BULUKUMBA — Merahputihindonesia.com — Suasana di sepanjang Jalan Lanto Dg. Pasewang, Kecamatan Ujung Bulu, Kabupaten Bulukumba, Sulawesi Selatan, berubah drastis dalam beberapa hari terakhir. Jalan utama yang biasanya ramai dan bersih kini diselimuti debu tebal akibat aktivitas proyek pembangunan Laboratorium Kesehatan Masyarakat (LABKESMAS) yang tengah berlangsung di kawasan tersebut.
Debu yang berterbangan membuat warga dan pengendara mengeluh. Mereka menilai proyek yang seharusnya membawa manfaat justru menimbulkan dampak kesehatan dan keselamatan yang membahayakan.
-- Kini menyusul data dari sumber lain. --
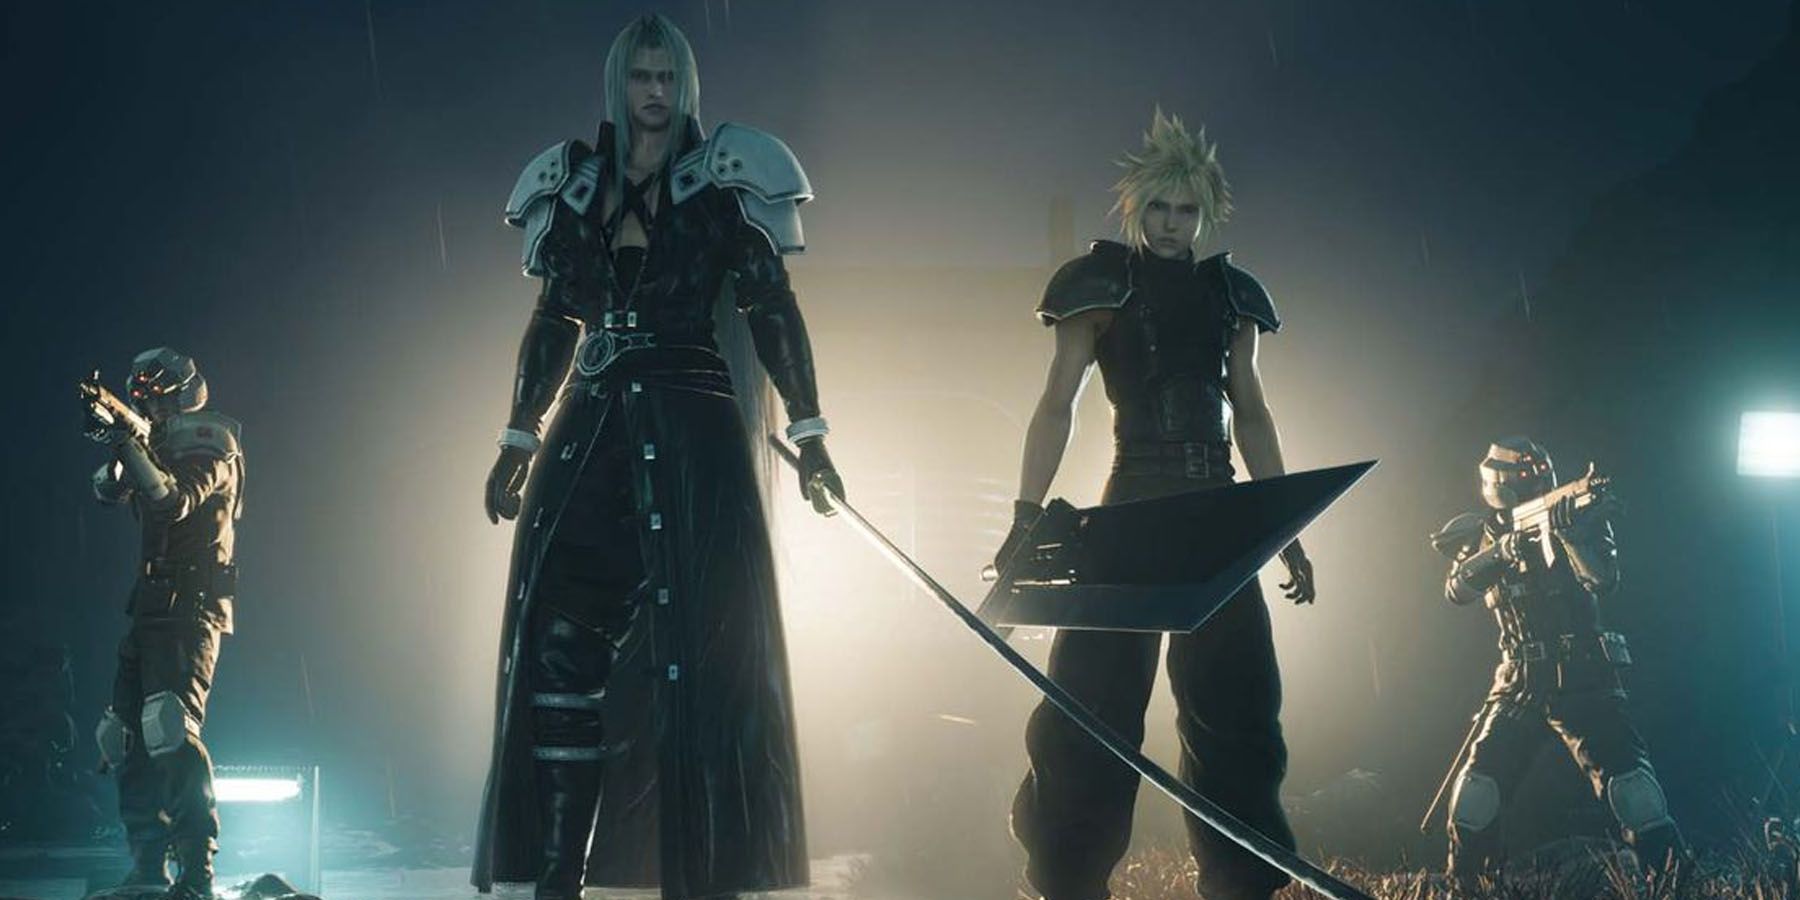 Final Fantasy 7 (VII) Rebirth - Save Data & Demo Progress Explained

Debu Tebal Tutupi Pandangan Pengendara
Pantauan di lokasi pada Sabtu (18/10/2025), setiap kali kendaraan proyek melintas, kepulan debu langsung mengepul tinggi, menutupi pandangan pengguna jalan.
Truk pengangkut material tampak keluar masuk area proyek tanpa pengendalian yang jelas. Tumpukan pasir dan tanah merah berserakan hingga ke badan jalan, sementara tak terlihat adanya penyiraman rutin atau rambu peringatan proyek.
Bagi pengendara roda dua, kondisi ini menjadi ancaman nyata. Selain pandangan terbatas, debu yang menempel di wajah dan pakaian juga menyebabkan sesak napas serta iritasi mata.
“Kalau mau bangun LABKESMAS, bagus. Tapi tolong jangan bikin warga sengsara. Kami lewat sini tiap hari, debunya parah sekali,” keluh Aril, salah satu pengendara motor yang ditemui di lokasi.
Ia mengaku beberapa kali hampir tergelincir karena pandangan tertutup debu pekat.
“Apalagi kalau sore atau pas angin kencang, jarak pandang bisa kurang dari lima meter,” tambahnya.